LLMs Don’t Actually “Call” Tools

Here is a fact that surprises most people: LLMs cannot run code. They cannot call APIs. They cannot read files. All they do is predict the next token — they output raw text, one piece at a time.

So how do they “use tools”?

The trick: structured wishes

During training, models are fine-tuned on augmented datasets that include tool call examples. The training pipeline works roughly like this:

  1. Take existing text corpora
  2. Use prompts to generate synthetic tool calls within that text — e.g., [Calculator(400 / 1400)] -> 0.29
  3. Filter: only keep examples where the tool call improved prediction of subsequent tokens
  4. Fine-tune the model on this augmented dataset

This is the approach behind Toolformer — the model learns “when I’m about to produce a factual number, inserting a calculator call here makes my next tokens more accurate.” Over many such examples, it develops the instinct: when in doubt, call a tool rather than guess.

The result? Instead of guessing an answer, a trained model outputs something like:

<tool_call>
{"name": "get_weather", "arguments": {"city": "Tokyo"}}
</tool_call>

The model does not run this. It just writes it.

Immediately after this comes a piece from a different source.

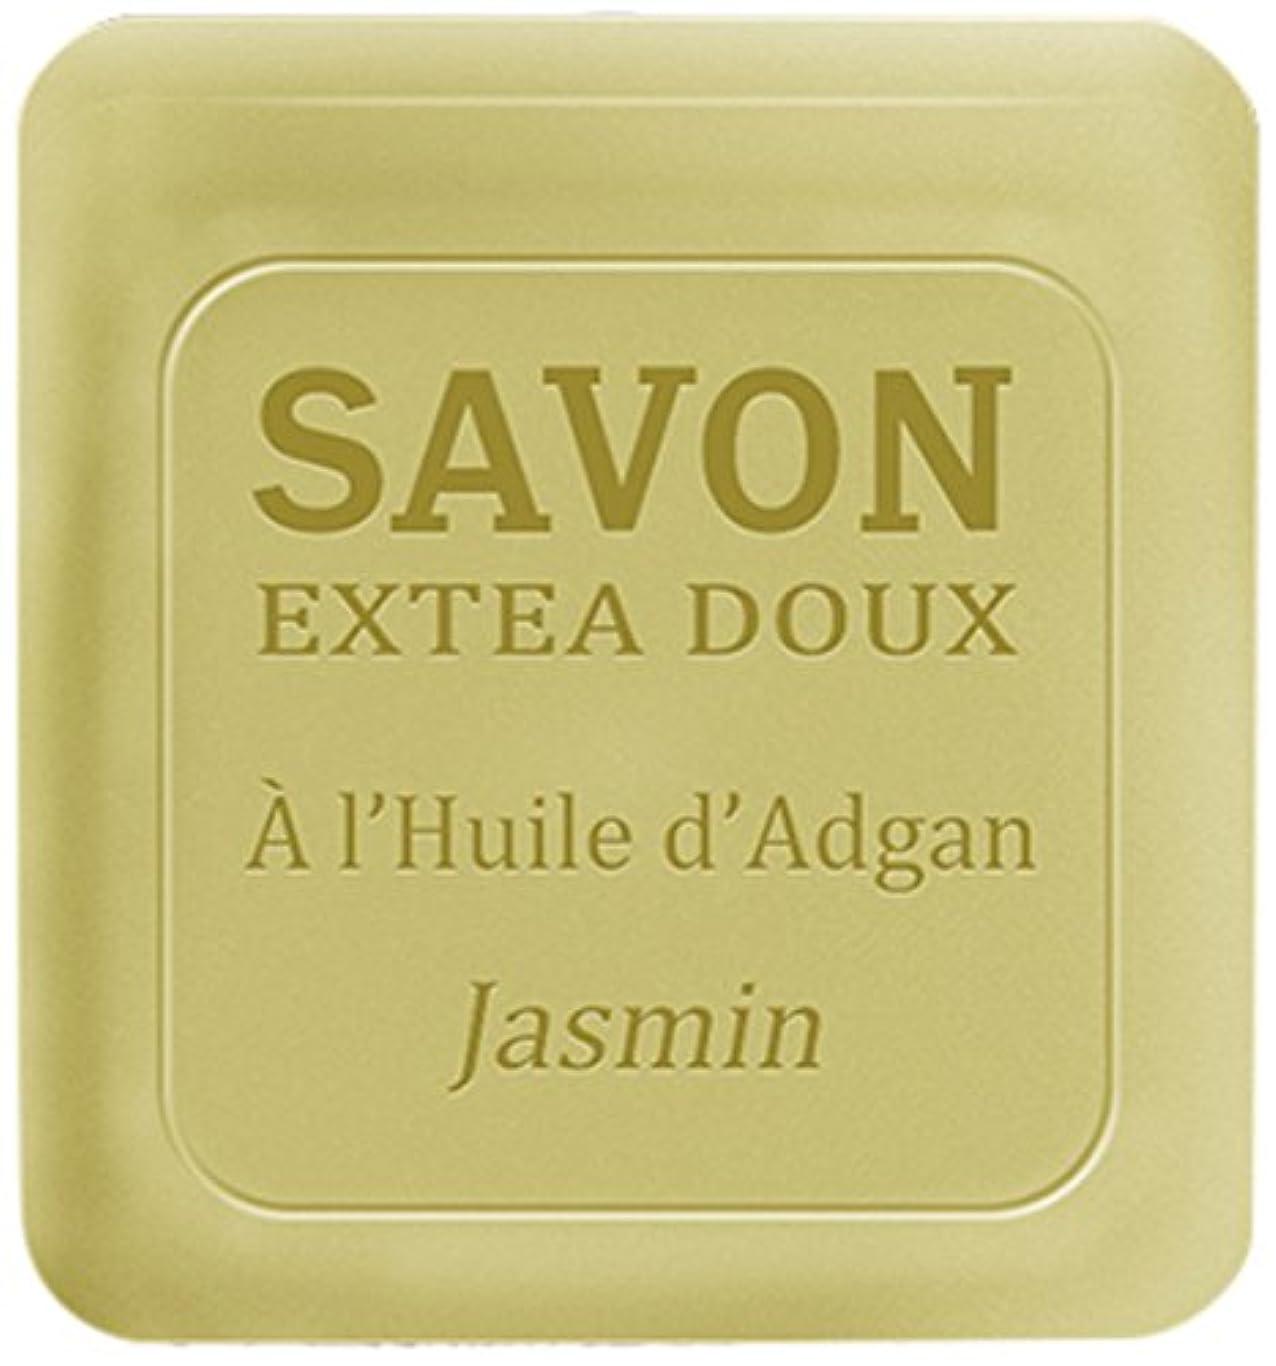 ゴミ箱を空にするオペラスリップPlantes&Parfums [プランツ&パルファム] アルガンオイルソープ100g ジャスミン

The loop: five steps, not one

A host application — ordinary software sitting between the model and the outside world — orchestrates the full cycle:

  1. App sends tool definitions + user message. The tool schemas (name, description, JSON Schema for parameters) are injected into the system prompt as tokens — they consume context window space just like any other text.
  2. Model analyzes whether calling a tool would help fulfill the request.
  3. Model outputs a structured tool_calls array — potentially multiple calls in parallel, not just one at a time.
  4. App executes each function locally, captures the results.
  5. App sends results back to the model as new messages, referencing each call by ID. The model reads them and generates a final response.

To the end user, it looks like the AI “called a function.” In reality, the AI wrote a structured wish, and the system granted it.

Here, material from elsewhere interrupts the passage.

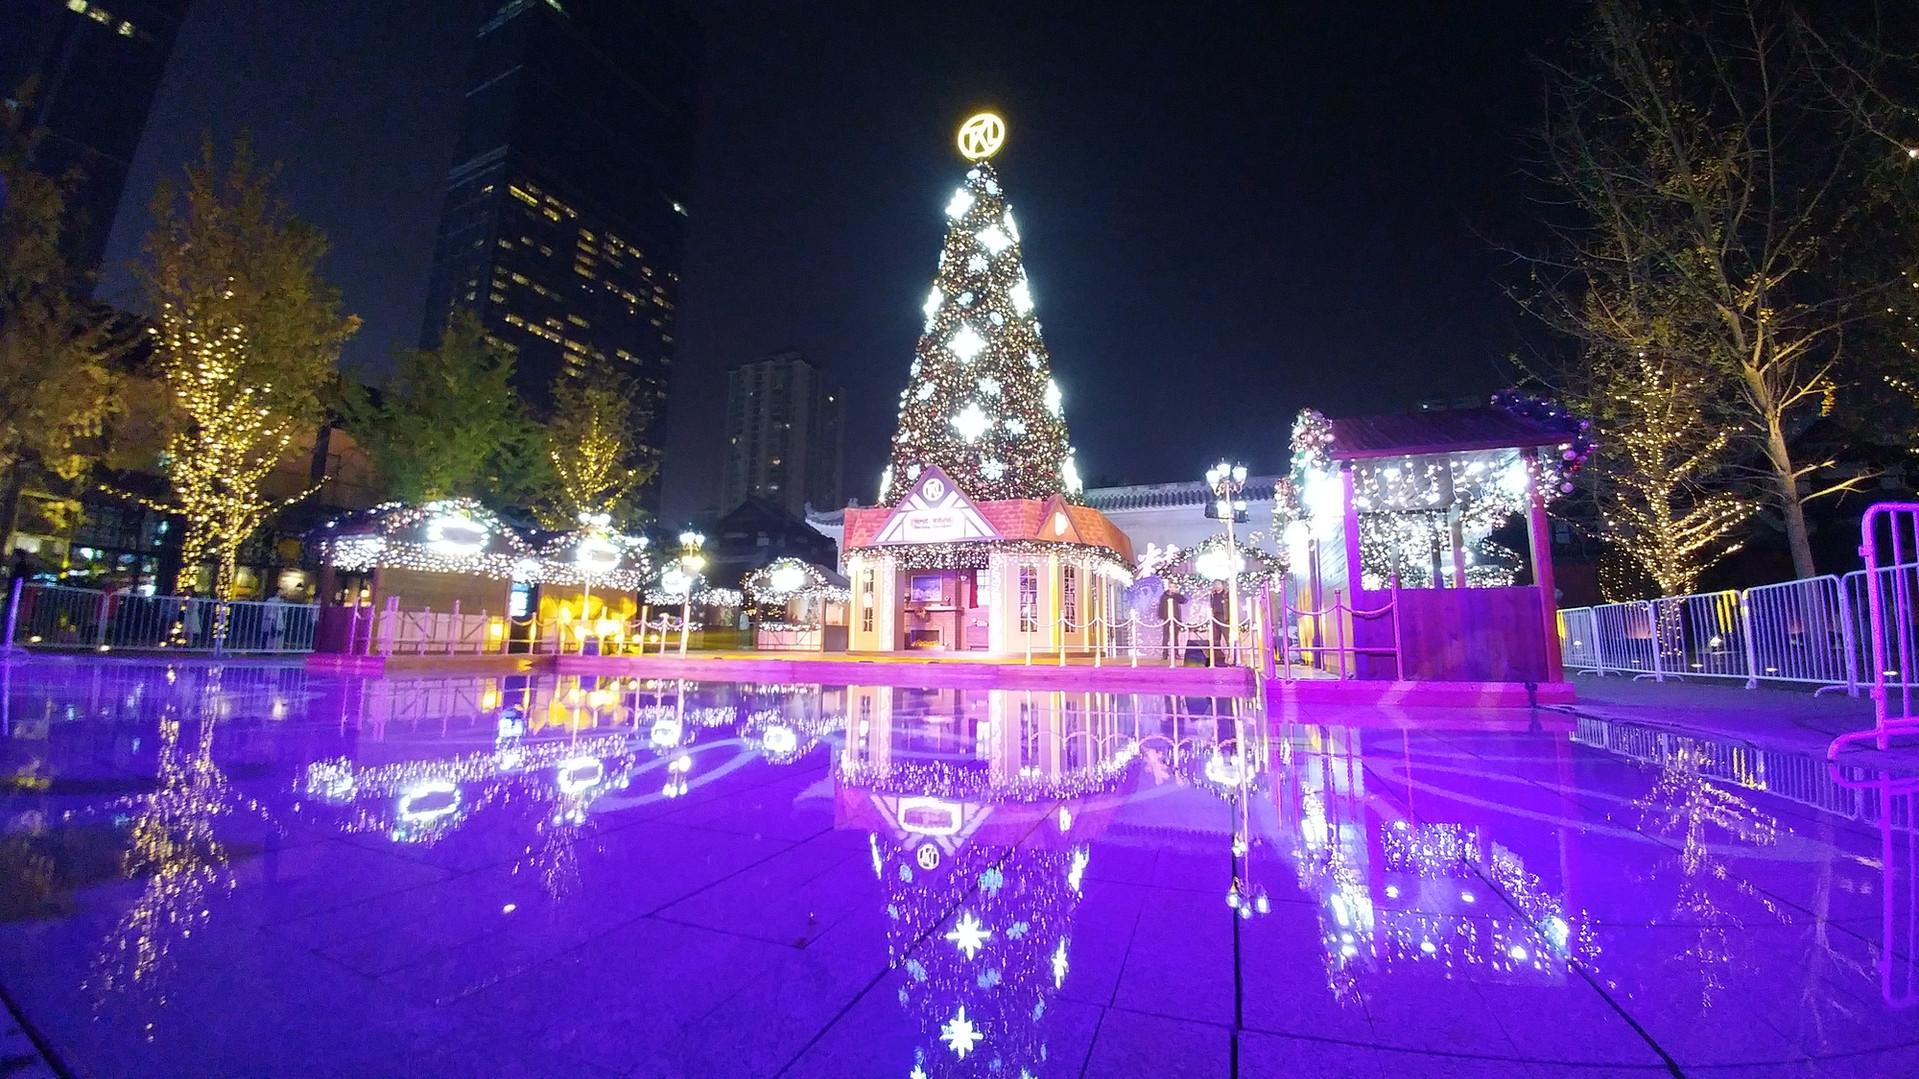 Taikoo Li Christmas Project  太古里圣诞项目 2016

One subtlety worth noting: since tool definitions are injected as tokens, every tool you register costs context window space — even if the model never calls it. This becomes important later.

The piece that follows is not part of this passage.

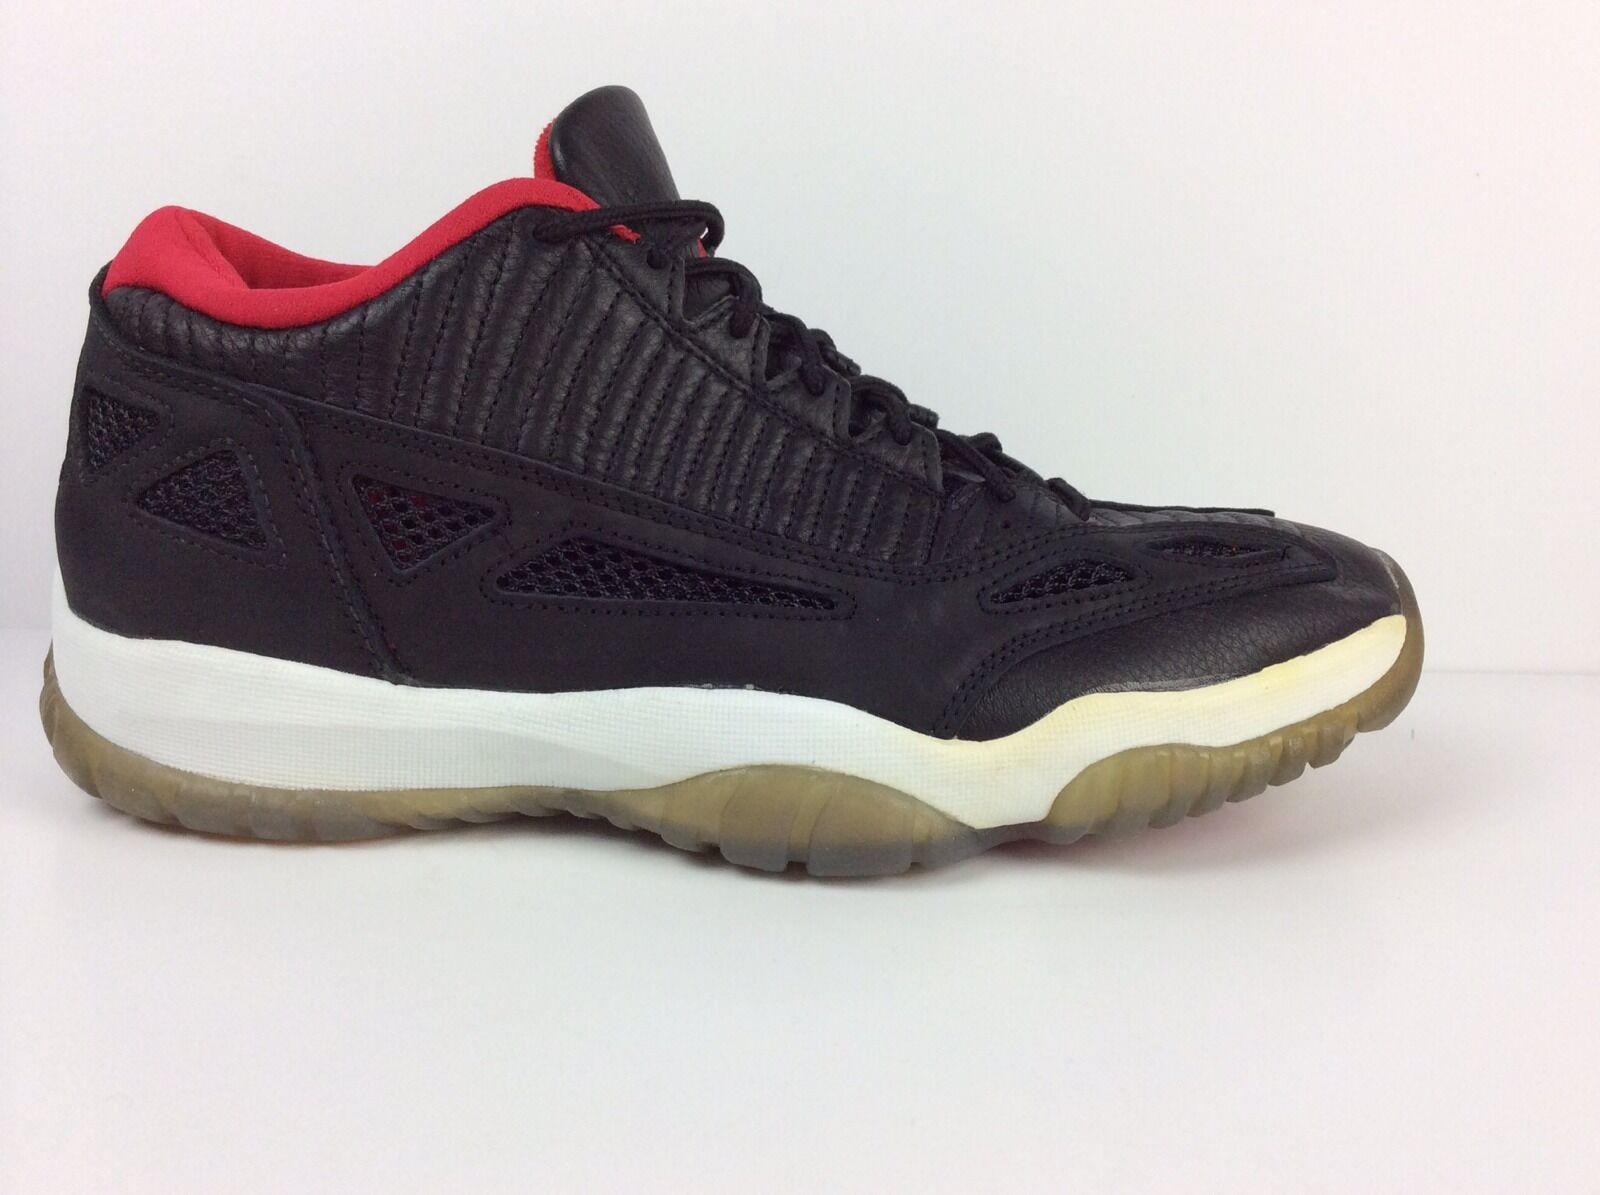 Nike air jordan xi 11 bassa og nero / grigio scuro vero red 130270-001 sz

This is the foundation. Everything that follows is about making this loop better.


Stage 1: Functions Hardcoded on the Server

The earliest tool-use systems were dead simple. You, the developer, would:

  1. Write a Python function (e.g., def get_weather(city): ...)
  2. Describe that function in the system prompt — “You have access to get_weather(city). Call it when the user asks about weather.”
  3. Build a parser to catch the model’s output and route it to your function

This worked. But it had problems:

  • Every tool lived in your codebase. Want to add a database lookup? Write the function, redeploy.
  • The system prompt grew with every tool. Ten tools meant a wall of text describing each one’s name, parameters, and usage rules — all eating into the model’s context window.
  • No sharing. Your weather function was yours alone. Another developer building a similar app had to write their own from scratch.

Still, this was the moment LLMs went from “chat assistants” to “agents that can act.” OpenAI formalized this as Function Calling in June 2023, giving it a structured JSON schema instead of freeform text in the system prompt. But the architecture remained the same: functions lived on your server, described in your prompt.


Stage 2: Tool Servers — Moving Tools Out

The next step was obvious: why keep tools in your app? If a tool is just a function with inputs and outputs, it can live anywhere. Run it as a separate service. Call it over HTTP.

This gave rise to tool servers — standalone services that expose tools via APIs. Your app no longer needs to contain the tool code. It just needs to know the tool’s URL, its schema, and how to call it.

Benefits:

  • Separation of concerns. The AI app handles conversation. The tool server handles actions.
  • Reusability. One tool server can serve many AI apps.
  • Independent scaling. A heavy tool (like image generation) can run on beefy hardware while the chat app stays lightweight.

But there was no standard. Every tool server had its own API format, its own auth scheme, its own way of describing capabilities. Connecting your AI app to three different tool servers meant writing three different integrations.


Stage 3: MCP — A Universal Plug for Tools

In late 2024, Anthropic released the Model Context Protocol (MCP). The idea: a single, open standard for connecting AI models to tools, data sources, and external systems.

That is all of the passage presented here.